BMO Capital Markets is now predicting the flood and the construction strike, taken together, would shave GDP growth in the second quarter down to 1.4 per cent, from their previous estimate of 1.8 per cent, and to two per cent in the third quarter, down from 2.1 per cent.
Still, those numbers — which more or less reflect the projections among Canadian banks — are in stark contract to the sentiment seen among advisors surveyed by Sun Life, the vast majority of whom don’t expect growth above one per cent.
But those advisors are more bullish when it comes to stock markets. Despite the fact that Canada’s stock exchanges are major laggards this year, they remain positive about the overall global stock situation, with 54 per cent being “very” or “somewhat” bullish about stock prices through the end of the year.

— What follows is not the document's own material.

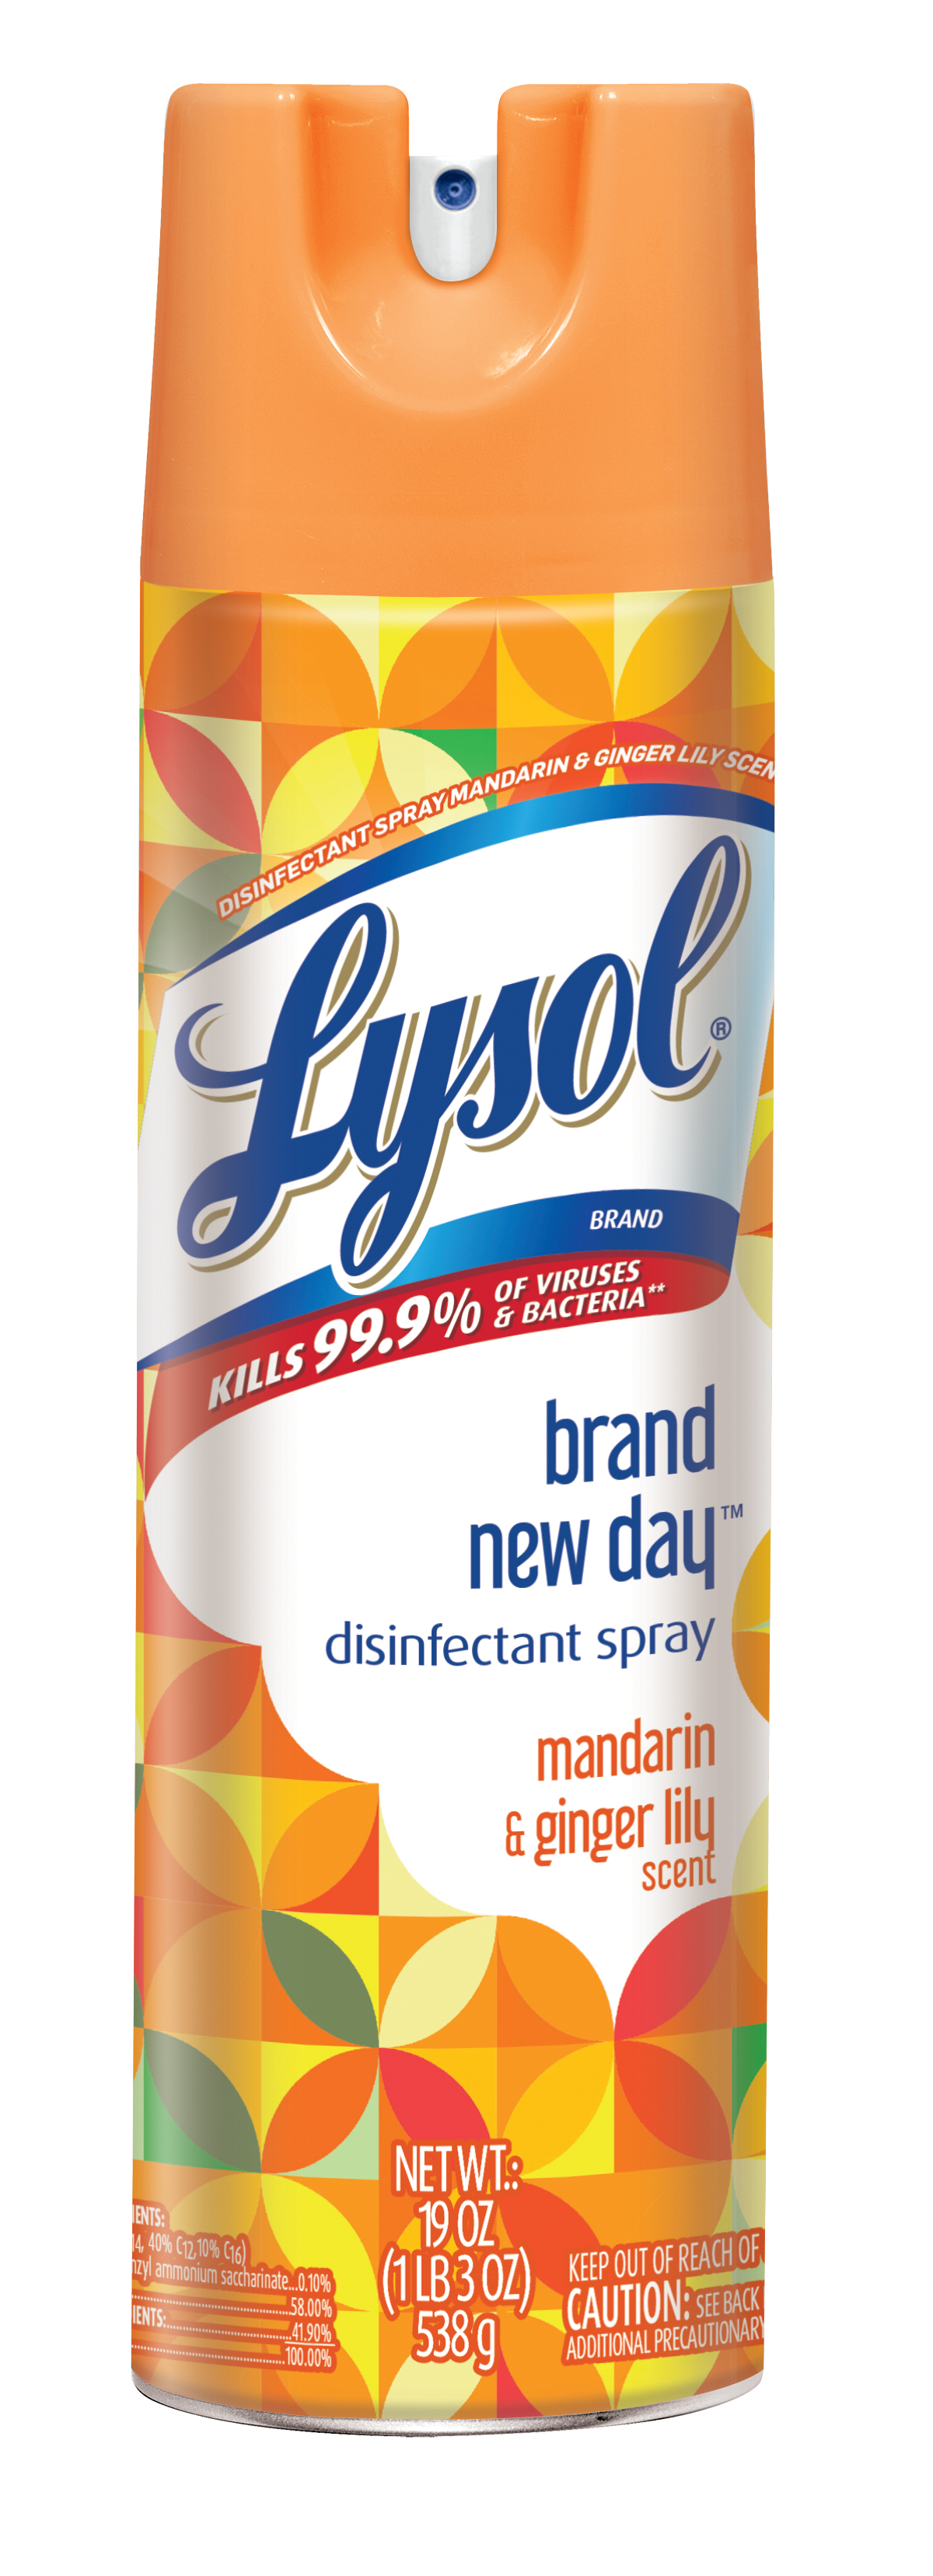 LYSOL Disinfectant Spray  Brand New Day Mandarin  Ginger Lily

External threats to Canada’s economy have also been on the rise. China’s manufacturing base is contracting, and pulling commodity prices down with it. That, in turn, has put downward pressure on the loonie (which hit a two-year low on Tuesday), and on Canada’s commodity-heavy stock markets, which have been lagging all other major G7 stock markets.
Scotiabank’s commodity price index is down more than 14 per cent from its peak in 2011. However, recent months have seen a bounce-back; it had been down nearly 20 per cent as of the end of 2012.